Мы полем с бабушкой на второй ряд самую длинную морковную грядку. Она хвойно загустела темно-зеленой мякиной-ботвой, и сорную траву приходится дергать осторожно, иначе вместе с лебедой, корневистой просянкой и ползучей мокрицей-росянкой вырвешь бледно-бескровные хвостики. И тут хоть плачь, а на грядке к осени будет меньше еще на одну сладкую, морозно-хрусткую коротельку.
Я ползу на коленках бороздой, задевая ногами рослый картовник, а бабушка передвигается тоже на коленях напротив меня, со стороны колодца. И видно, как Лукия Григорьевна часто поднимает глаза от гряды и долго смотрит в заулок, где за ее огородом стоит дом Холмовых.
— Ох-хо-хо! — вздыхает она. — На четвертый год война-то перевалила, чуть не кажна изба мечена горем, а разве привыкнет человек к похоронным…
Замечаю, как бабушка нечаянно выпалывает из рядков морковку, и морщусь, но помалкиваю. Ей сроду чужое горе не палка, ей других пуще себя жаль. Да и свои слезы мы давно выревели, когда сперва пришла похоронная на дядю Андрея, а потом одна за другой на тятю и дядю Ваню. На кого из них первая, а на кого вторая — не разобрались. Оба Иваны Васильевичи, тот и другой бабушкины сыновья, обоих одинаково обревели, пока не получили письмо от тяти из госпиталя, чуть позднее отозвался и дядя Ваня.
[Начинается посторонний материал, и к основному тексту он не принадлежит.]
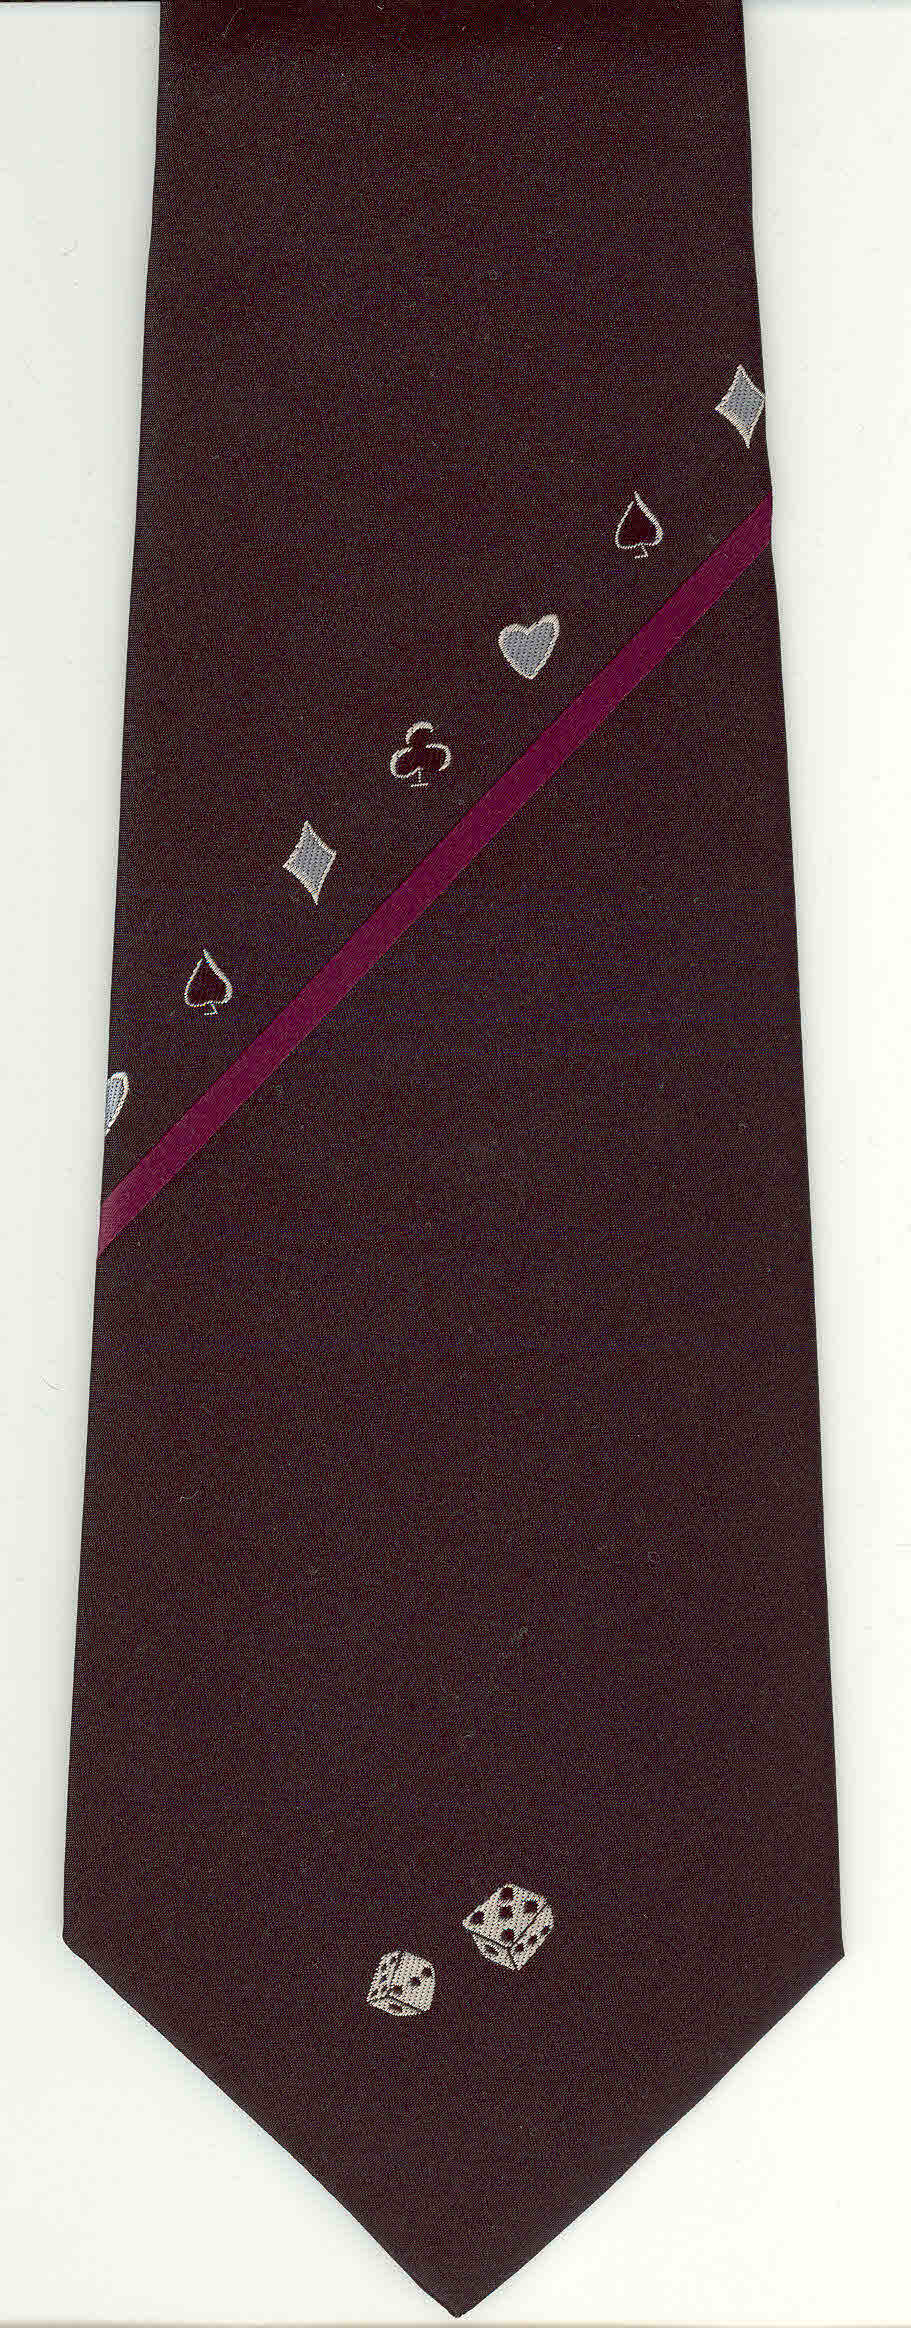 041 NM Suits & Dice.jpg

Мы-то свое горе пережили, а вот Холмовым как? Третьего дня принесли похоронную на председателя сельсовета Григория Петровича Холмова, и Анну Степановну едва-едва отлили водой, еле-еле отходили. На весь околоток заревела-запричитала, а ей в подголоски пятеро ее ребятишек, да наш кобель Индус завыл с крыши сарая, ему подтянул бабушкин бульдожка Джек. Ну совсем конец белому свету…
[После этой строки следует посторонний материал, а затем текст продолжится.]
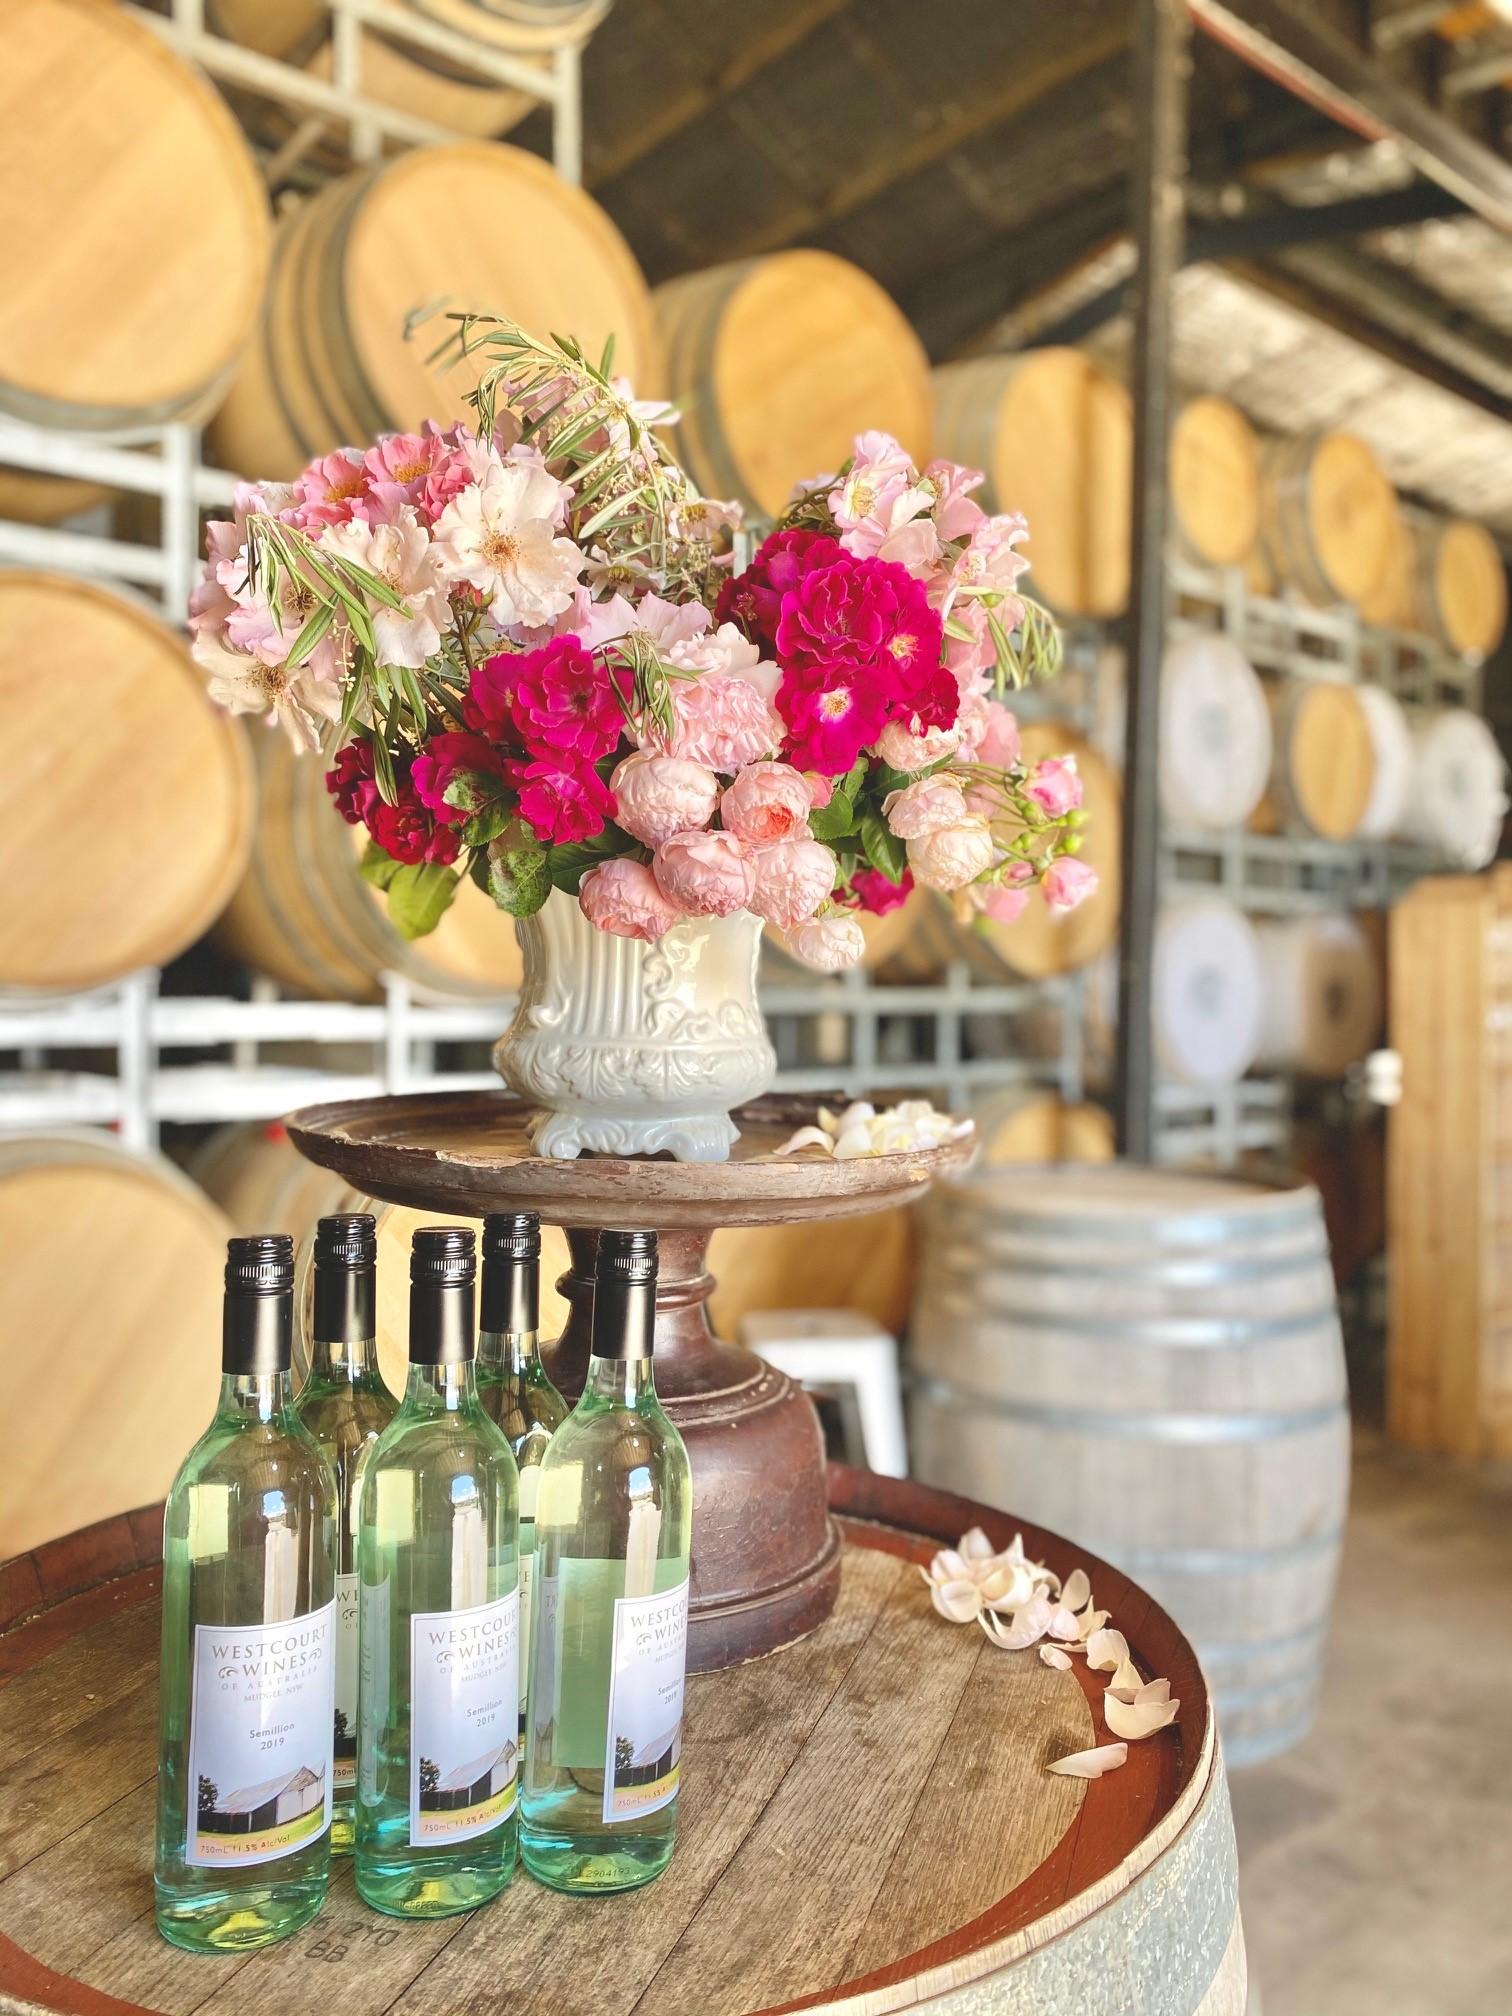 Visit The Best Wineries & Cellar Doors in Mudgee - Lowe - Giddy Guest

Григория Петровича не брали на войну, он сам снял с себя «бронь» и добился отправки на фронт. Помню, как хромой агент по налогам, Семен Кузьмич, осуждал его в разговоре с матерью нашего дружка Осяги. Она доводилась Семену Кузьмичу свояченицей, и тот не боялся высказываться напрямую:
— Патреот нашелся! Добрые люди за ету «бронь» готовы не одну корову отдать куда следует, а Холмов сам снял кому-нибудь на радость в районе. Убьют его, как пить дать убьют!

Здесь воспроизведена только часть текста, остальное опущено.